*** Block opens ***

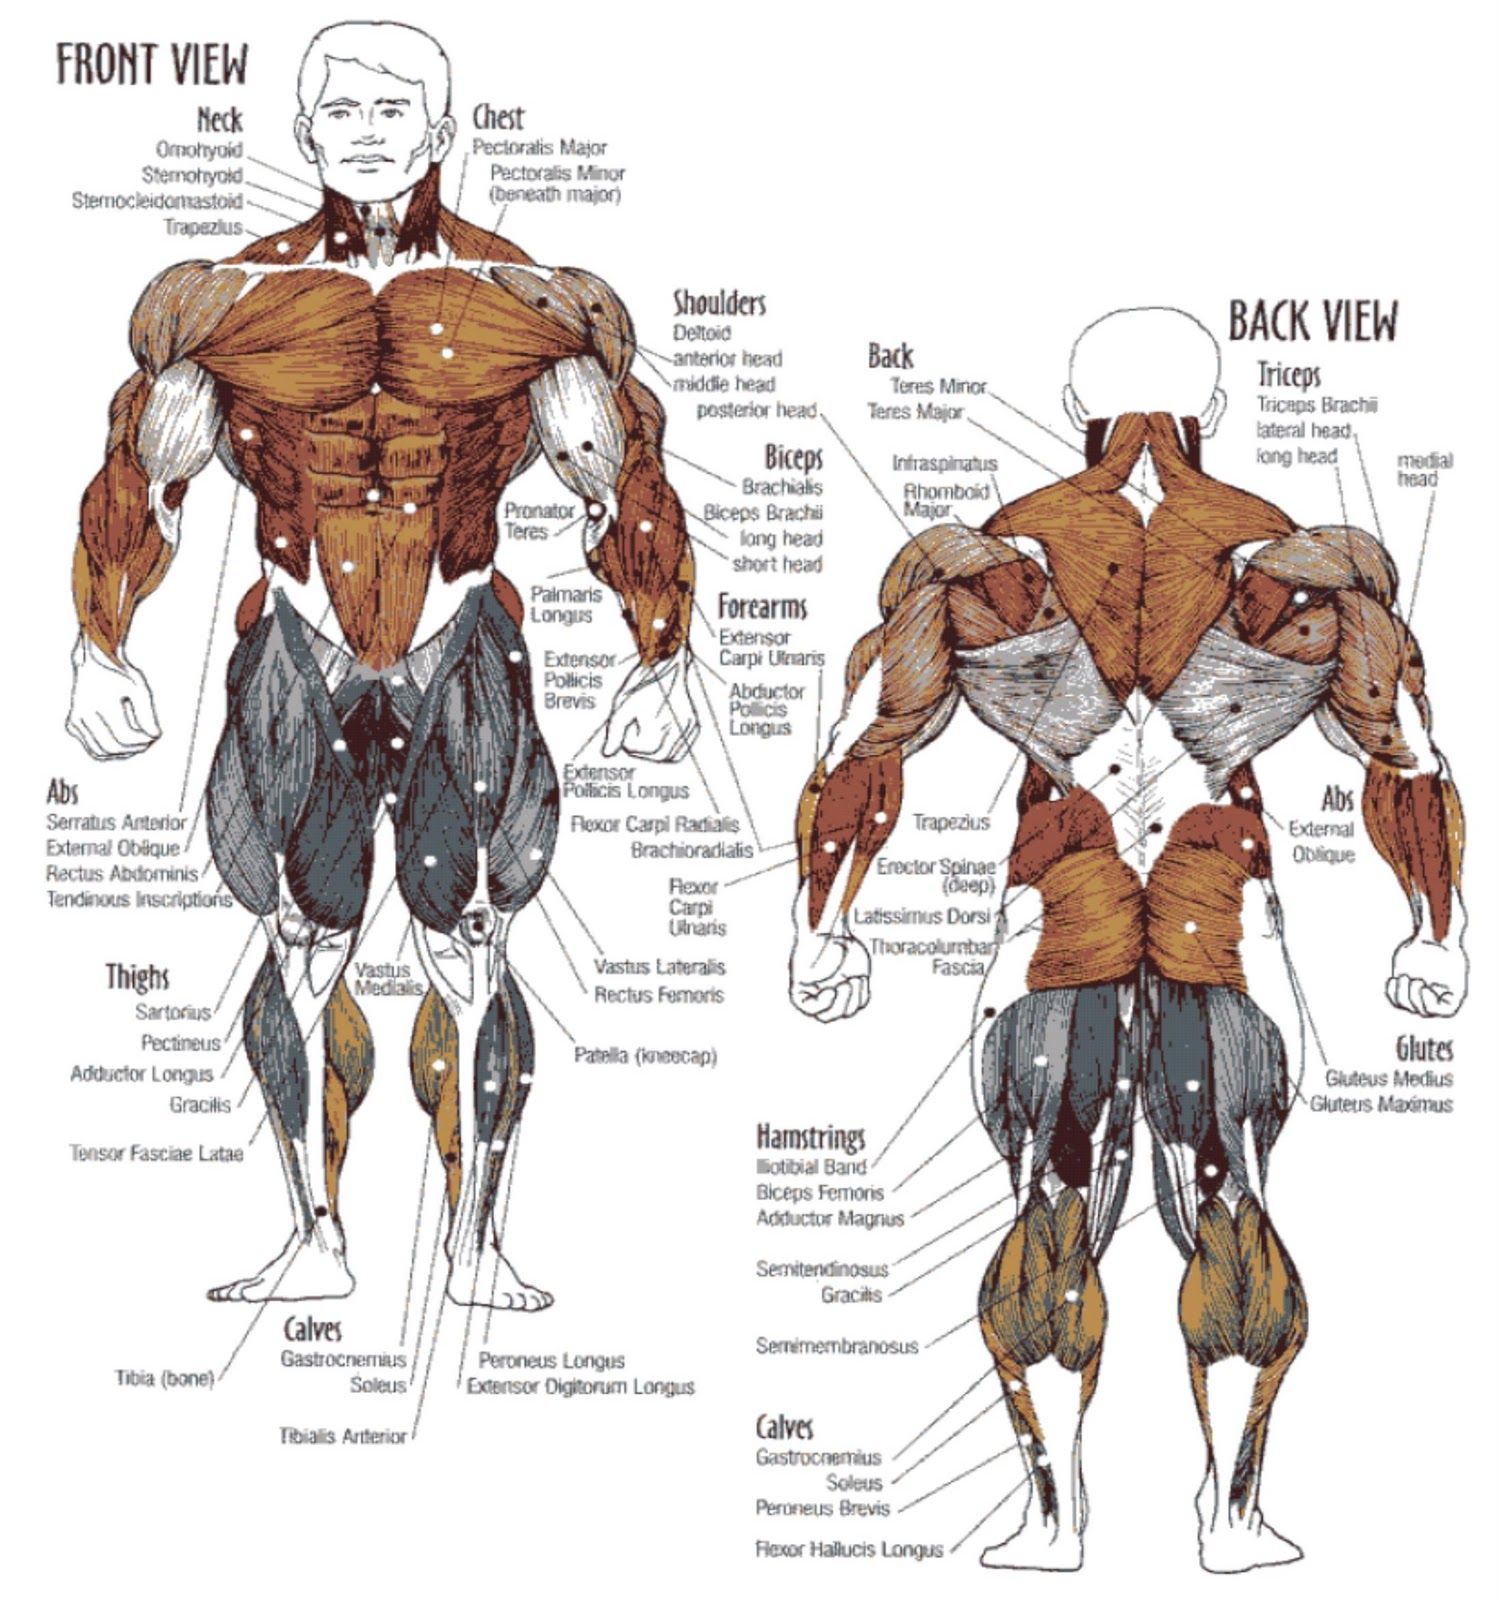 Muscle Workouts - Staggering Muscle Groups for Maximum Benefits - Bodydulding
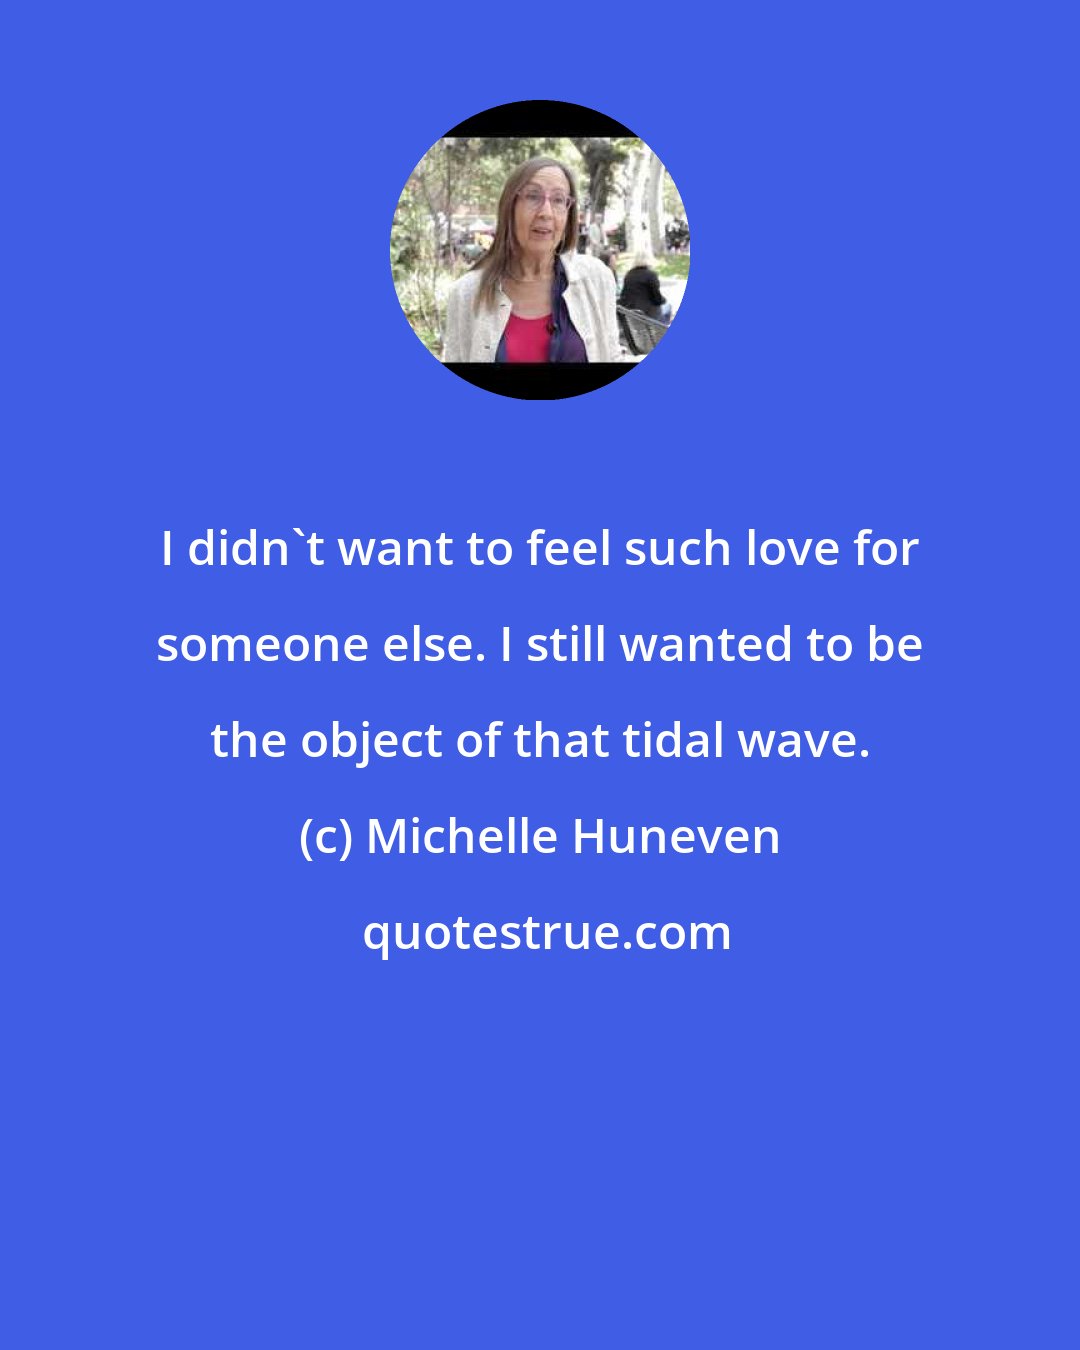 Michelle Huneven: I didn't want to feel such love for someone else. I still wanted to be the object of that tidal wave.
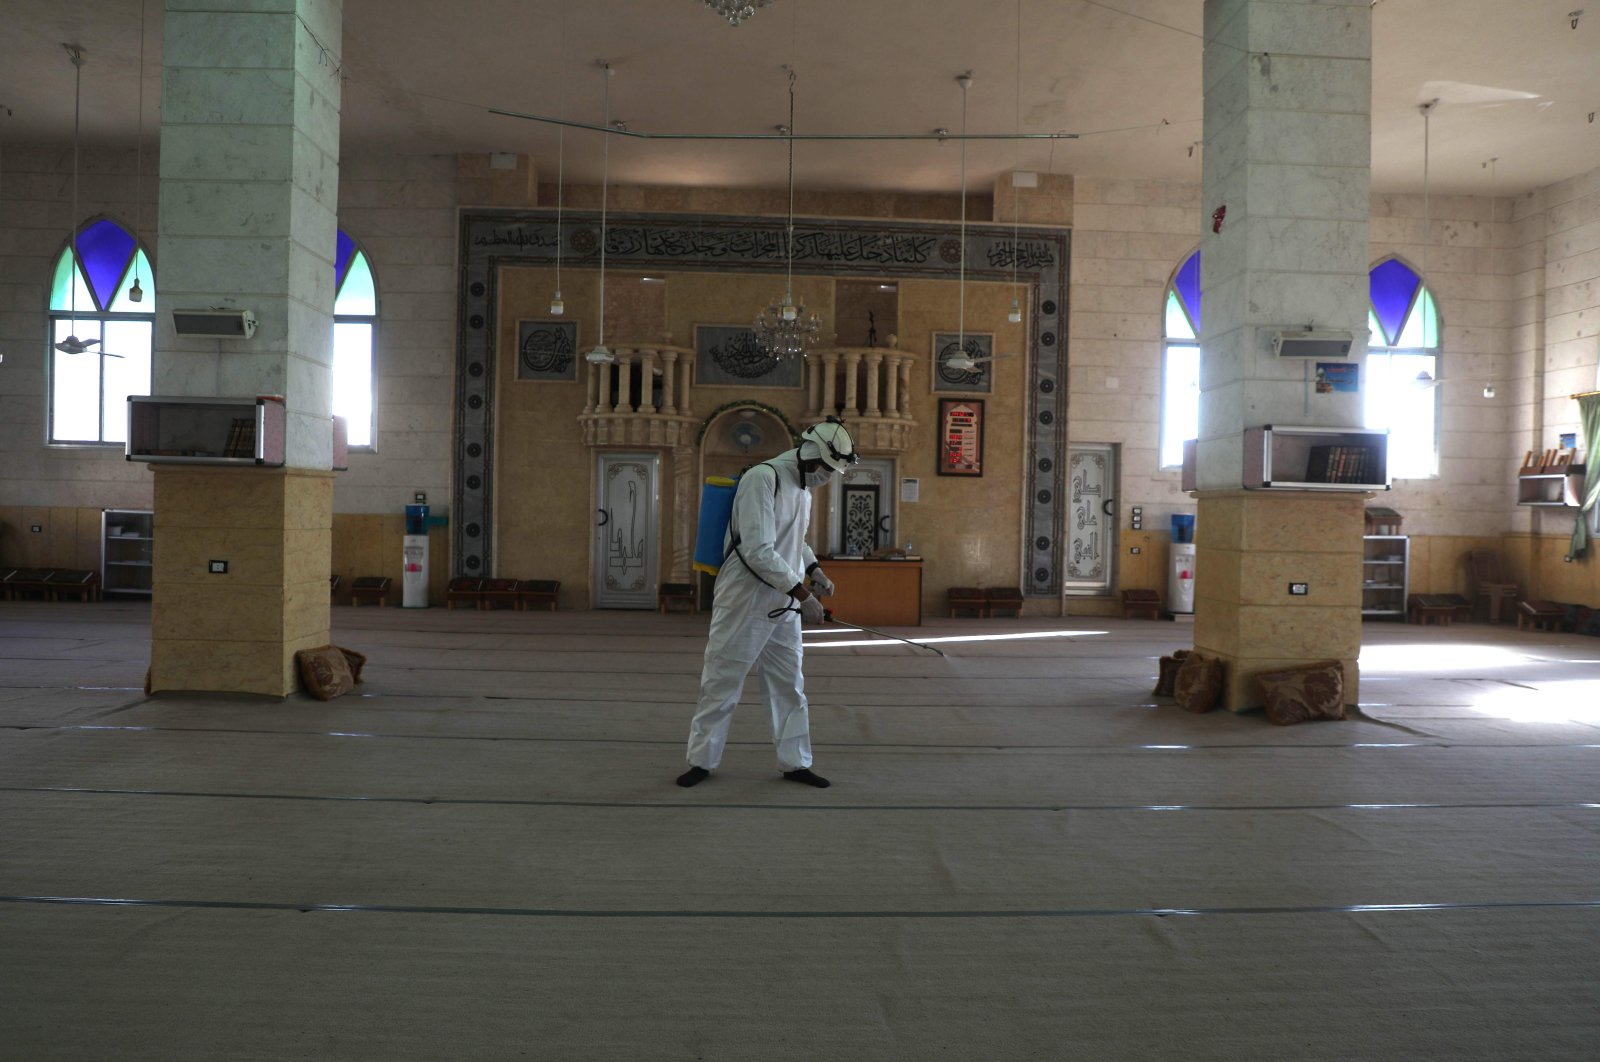 A member of the Syrian Civil Defence known as the "White Helmets" disinfects the interior of a mosque, as part of preventive measures taken against infections by the novel coronavirus, in the Syrian town of Dana, east of the Turkish-Syrian border in the northwestern Idlib province, Sunday, March 22, 2020.  (AFP)
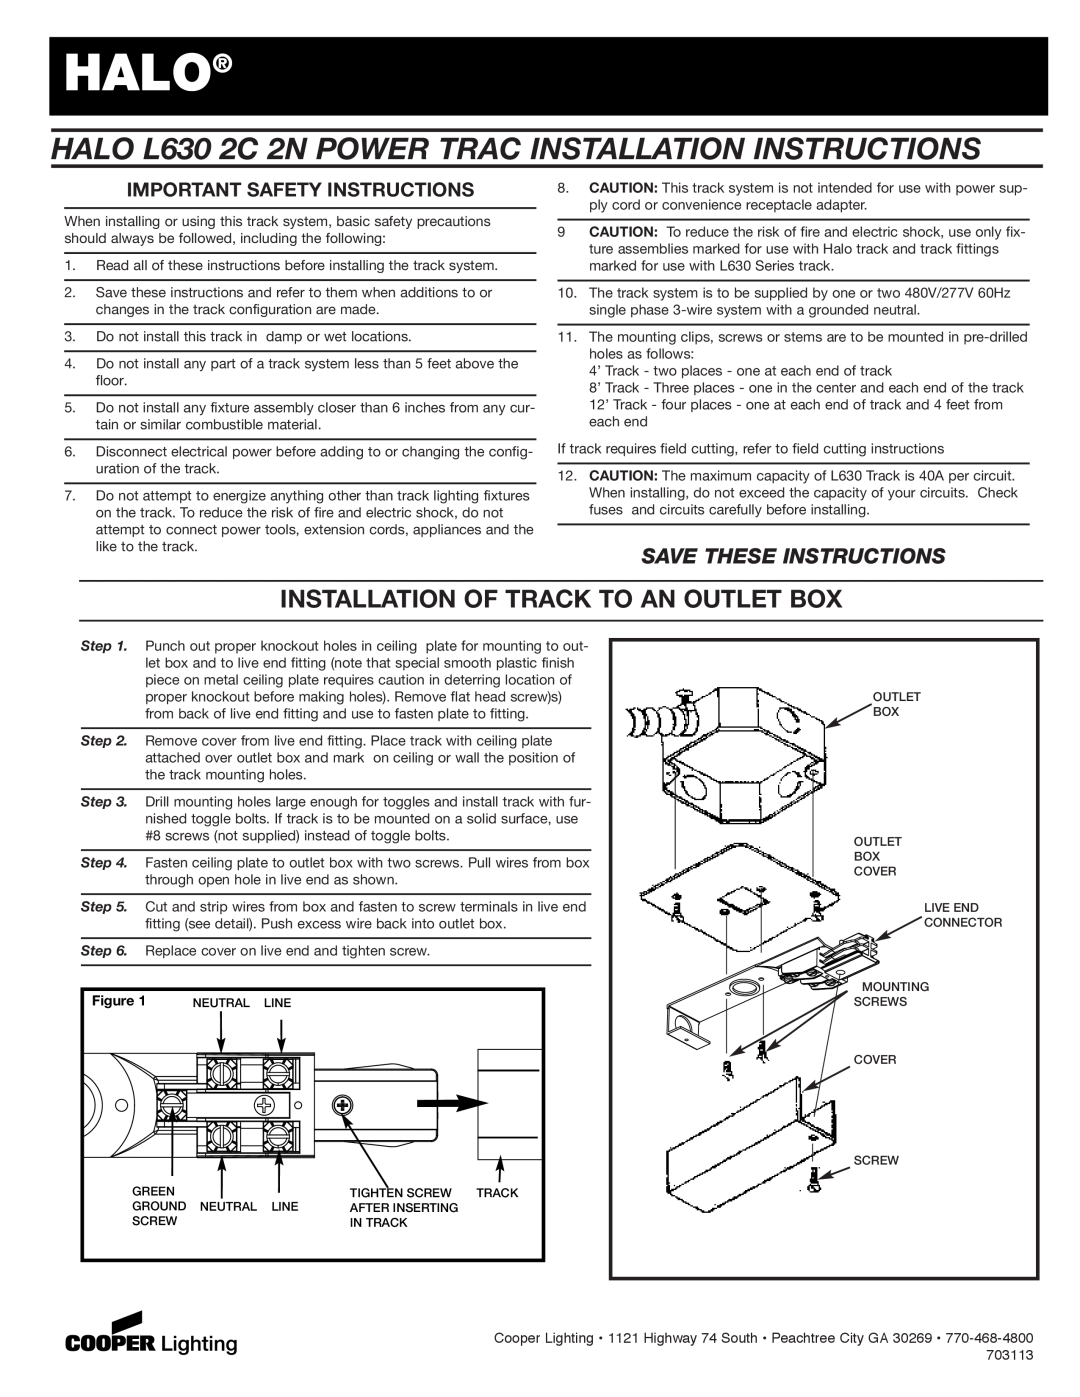 Cooper Lighting L630 2C 2N important safety instructions Installation Of Track To An Outlet Box, Save These Instructions

*** Block closes ***

- _Problem_
None of the pictures should be carried over when the data above is transcribed exactly.

- _Task answer_
 Muscle Workouts - Staggering Muscle Groups for Maximum Benefits - Bodydulding
 Michelle Huneven: I didn't want to feel such love for someone else. I still wanted to be the object of that tidal wave.
 A member of the Syrian Civil Defence known as the "White Helmets" disinfects the interior of a mosque, as part of preventive measures taken against infections by the novel coronavirus, in the Syrian town of Dana, east of the Turkish-Syrian border in the northwestern Idlib province, Sunday, March 22, 2020.  (AFP)
 Cooper Lighting L630 2C 2N important safety instructions Installation Of Track To An Outlet Box, Save These Instructions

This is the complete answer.